Health care is not a luxury (like a DVD player) or a privilige, if you can afford it. It is a basic human right, as most civilized countries have realized. (But of course not the US.)
 
Governments are not expected to buy plasma TV or cars but they are expected to allocate resources to decrease barriers to health care, increase literacy, decrease risk behaviors, etc.
Personal responsability is an essential component for disease prevention and AIDS is a perfect example. Individuals have to assume their own responsibility but the state has to offer some basic conditions and prevent discriminatory policies. Individual responsibility and solidarity are some of the basic principles.

Barriers to access are not isolated. Nearly 43 million people are uninsured in the US. Substantial racial and ethnic disparities exist in health insurance coverage. Disparities correlate with health indicators. In 2002, some 10.7 percent of white, non-Hispanic Americans were uninsured, compared to 20.2 percent of African-Americans, 18.4 percent of Asians and 32.4 percent of Latinos (Source: Health Insurance Coverage in the United States: 2002, Current Population Reports P60-223, U.S. Census Bureau, September 2003).

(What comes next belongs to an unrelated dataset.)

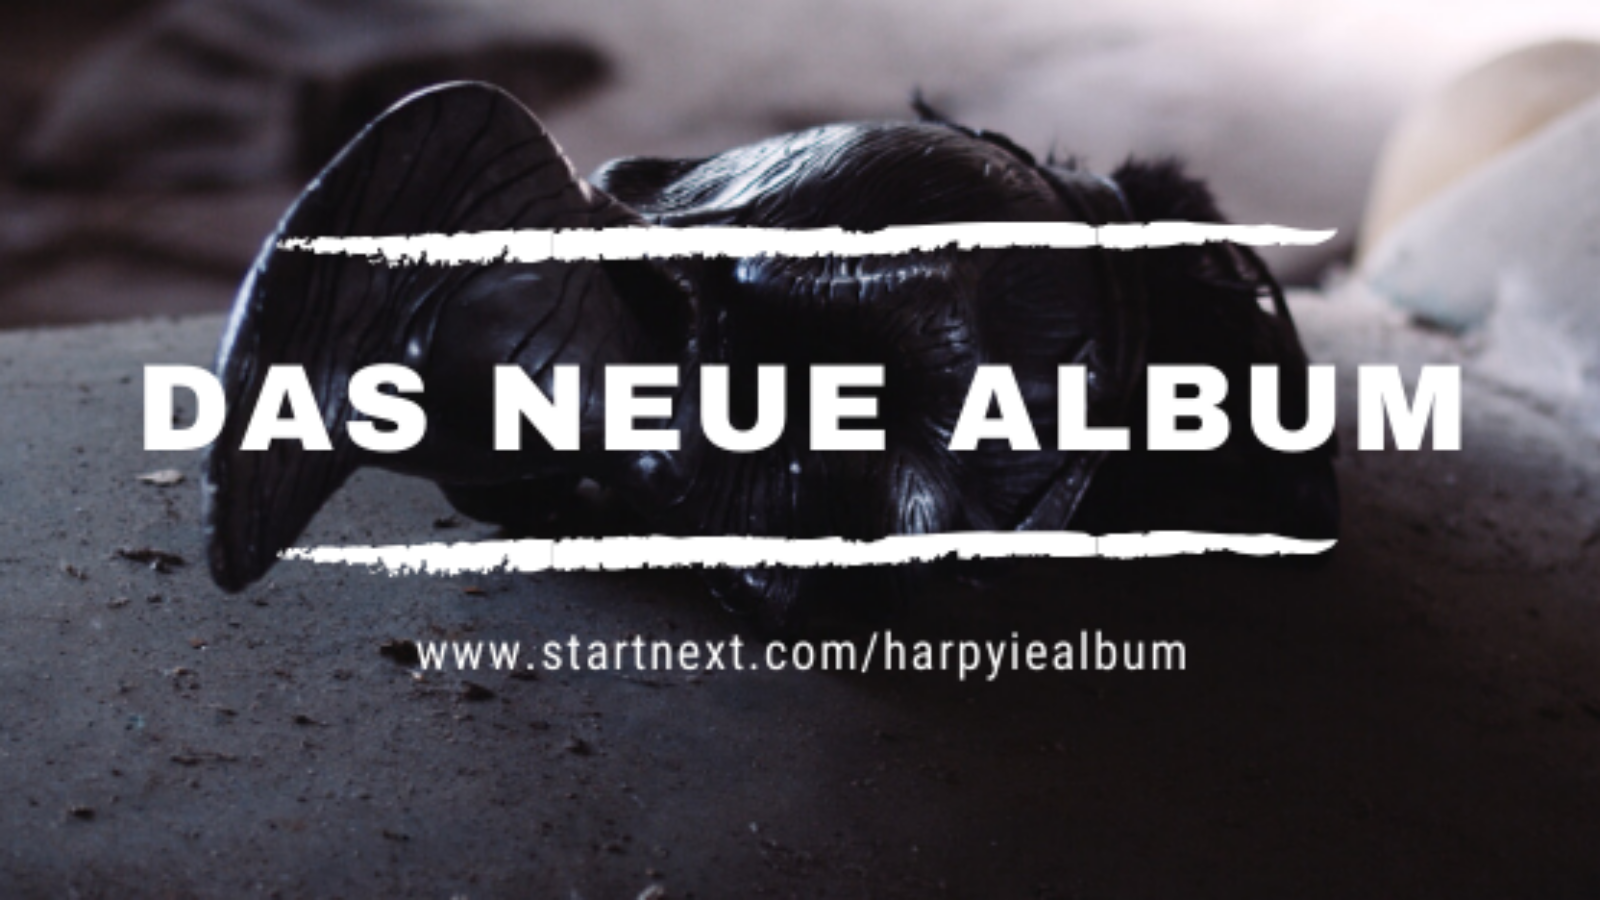 HARPYIE - Folk-Metal aus Ostwestfalen (jetzt bei StartNext)
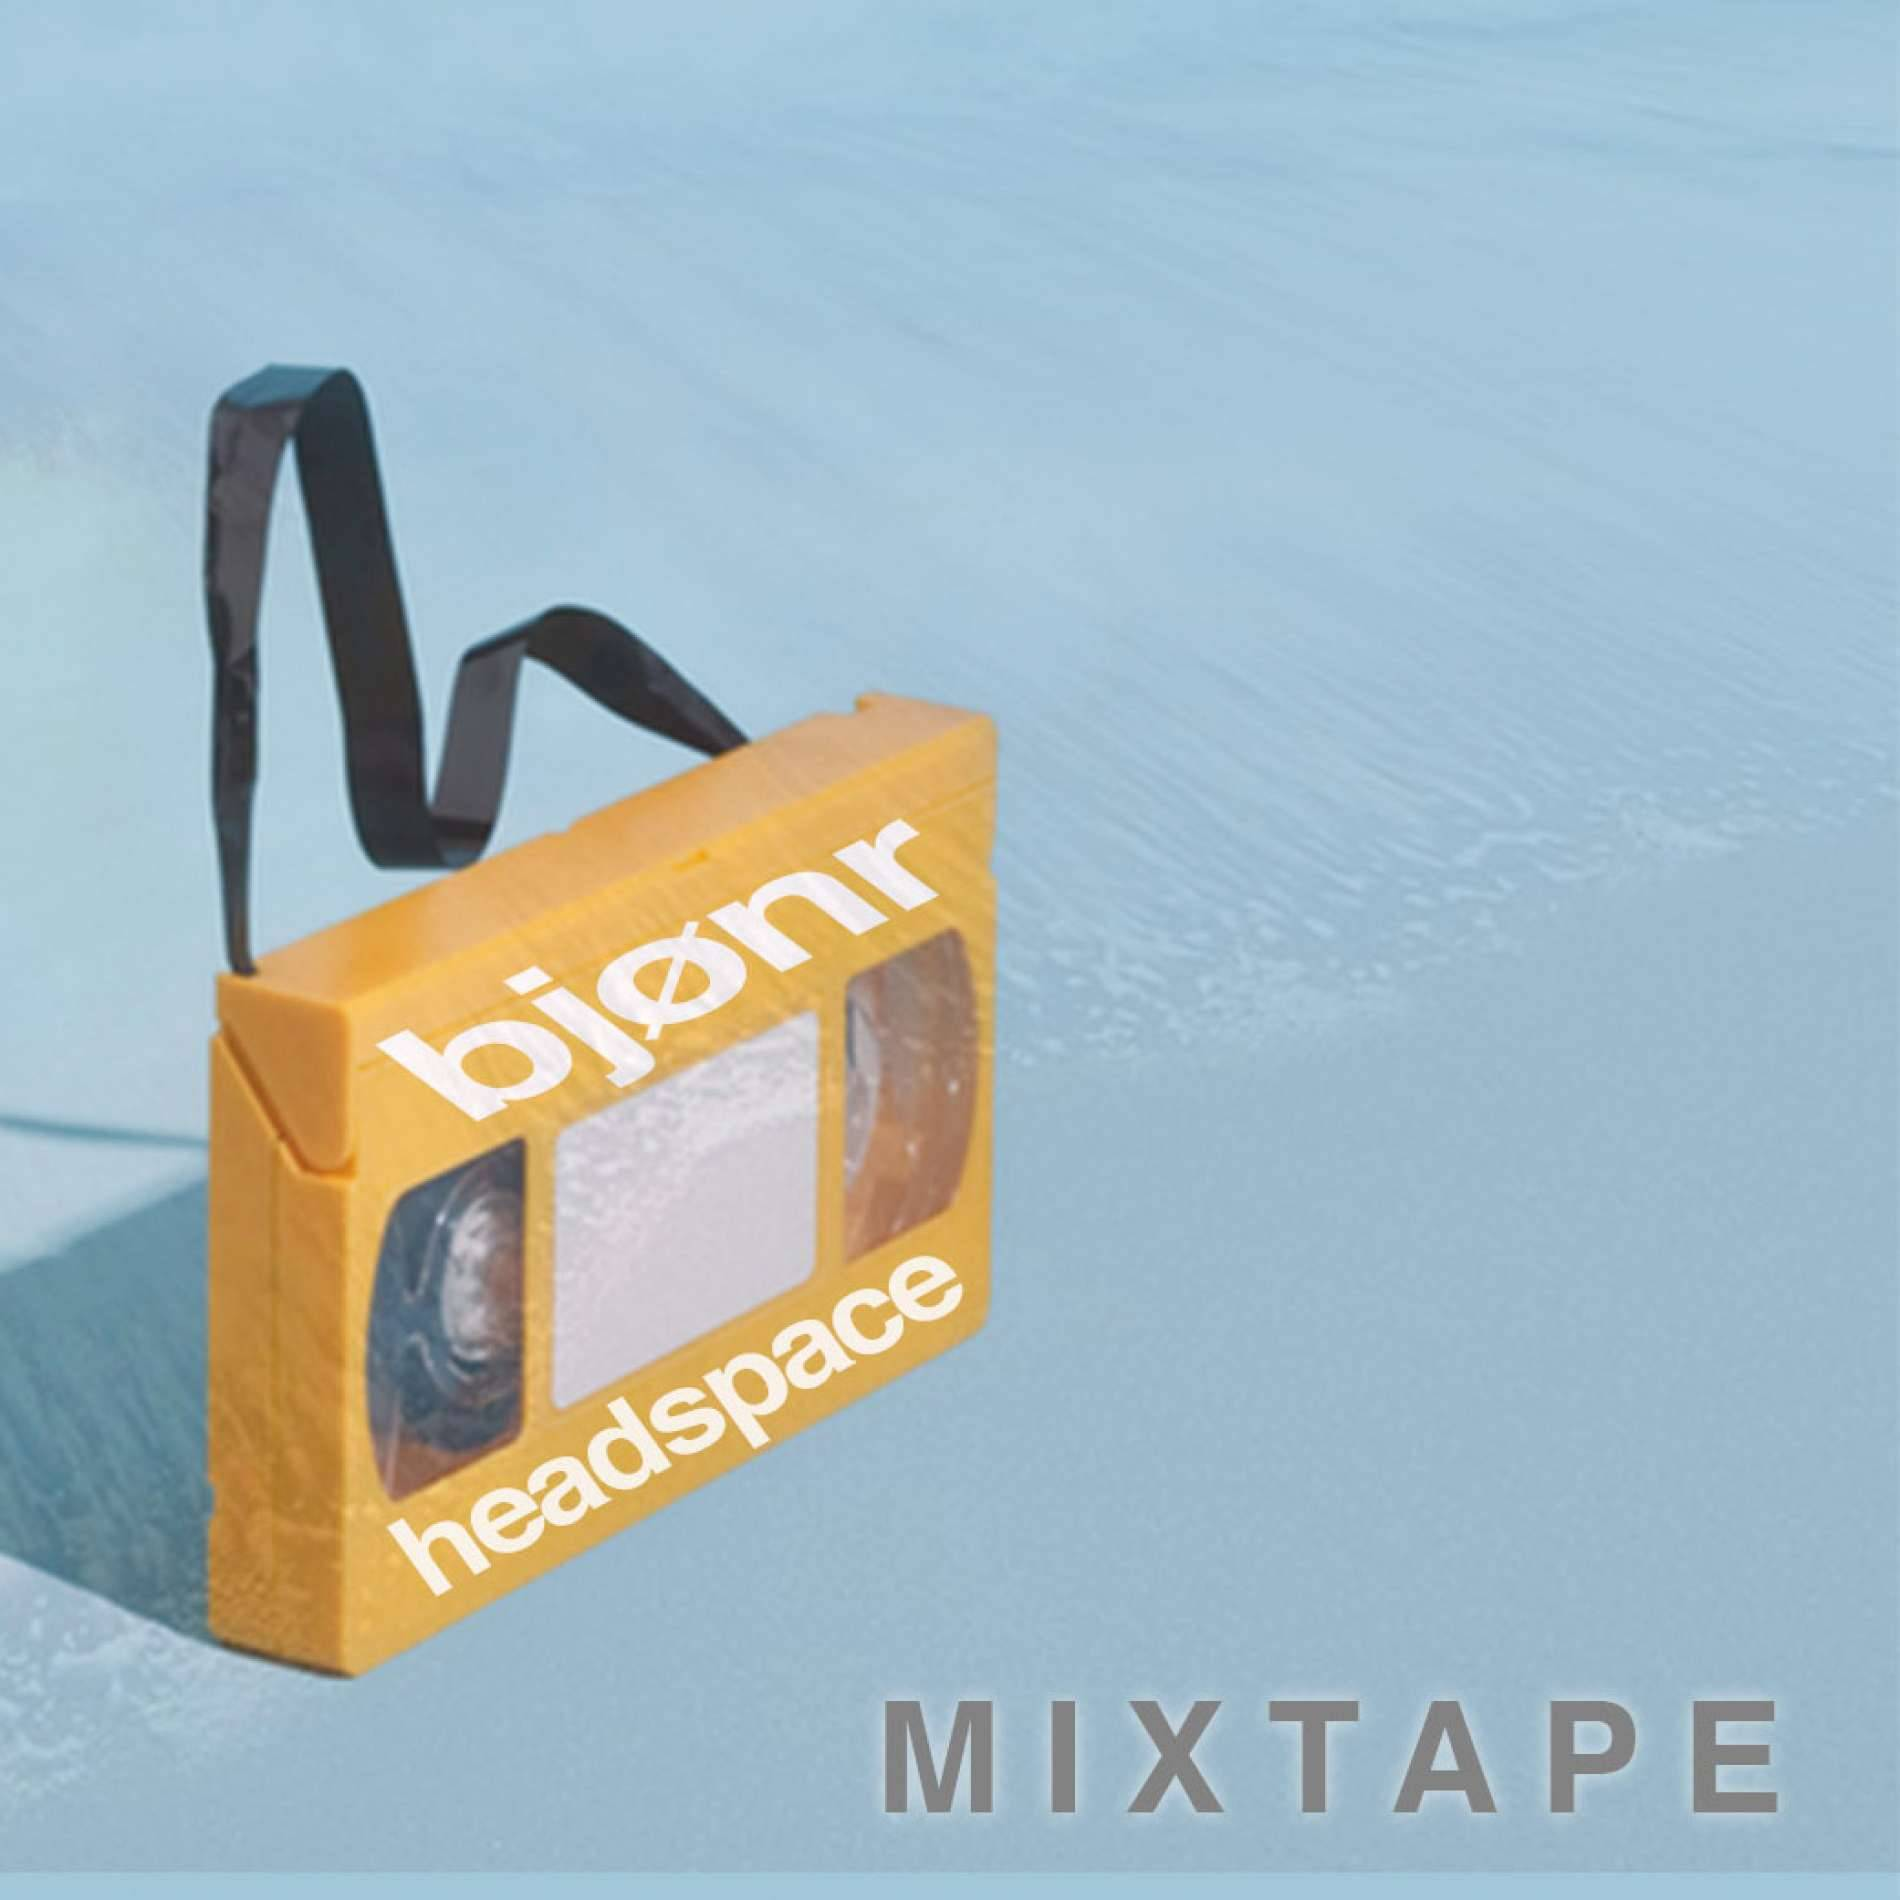 Check out this killer mixtape by Bjonr

Nearly 10 million children age 18 and under are uninsured. In some states more than 10% of the children are uninsured: Texas (23%), Florida (15%), Wyoming (13%).
http://mchb.hrsa.gov/mchirc/chusa_04/pages/0604hiscT.htm.
Access to health care is a problem among the uninsured. According to the American Public Health Association:
"Even though the nation’s infant mortality rate is down, the infant death rate among African Americans is still more than double that of whites. Heart disease death rates are more than 40 percent higher for African Americans than for whites. The death rate for all cancers is 30 percent higher for African Americans than for whites; for prostate cancer, it is more than double that for whites. The death rate from HIV/AIDS for African Americans is more than seven times that for whites; the rate of homicide is six times that for whites.
American Indians and Alaska Natives have an infant death rate almost double that for whites. The rate of diabetes for this population group is more than twice that for whites. The Pima of Arizona have one of the highest rates of diabetes in the world. American Indians and Alaska Natives also have disproportionately high death rates from unintentional injuries and suicide."
Source: http://www.apha.org/legislative/factsheets/disparitiesFactSheet.pdf

Access to emergency services is an alternative but not necessarily a solution in some cases. Diseases highly prevalent in children as asthma show significant variation in treatment rates based on ethnicity, income and insurance. Most uninsured children with asthma never see a doctor during the year and many are hospitalized for acute asthma attacks that could have been prevented (Source: Newacheck, P.W., et al. 1996. "Children's access to primary care: Difference by race, income, and insurance status," Pediatrics, 97, 26-32.). Children with untreated illness often cannot keep up in school. Uninsured children are more likely to miss school.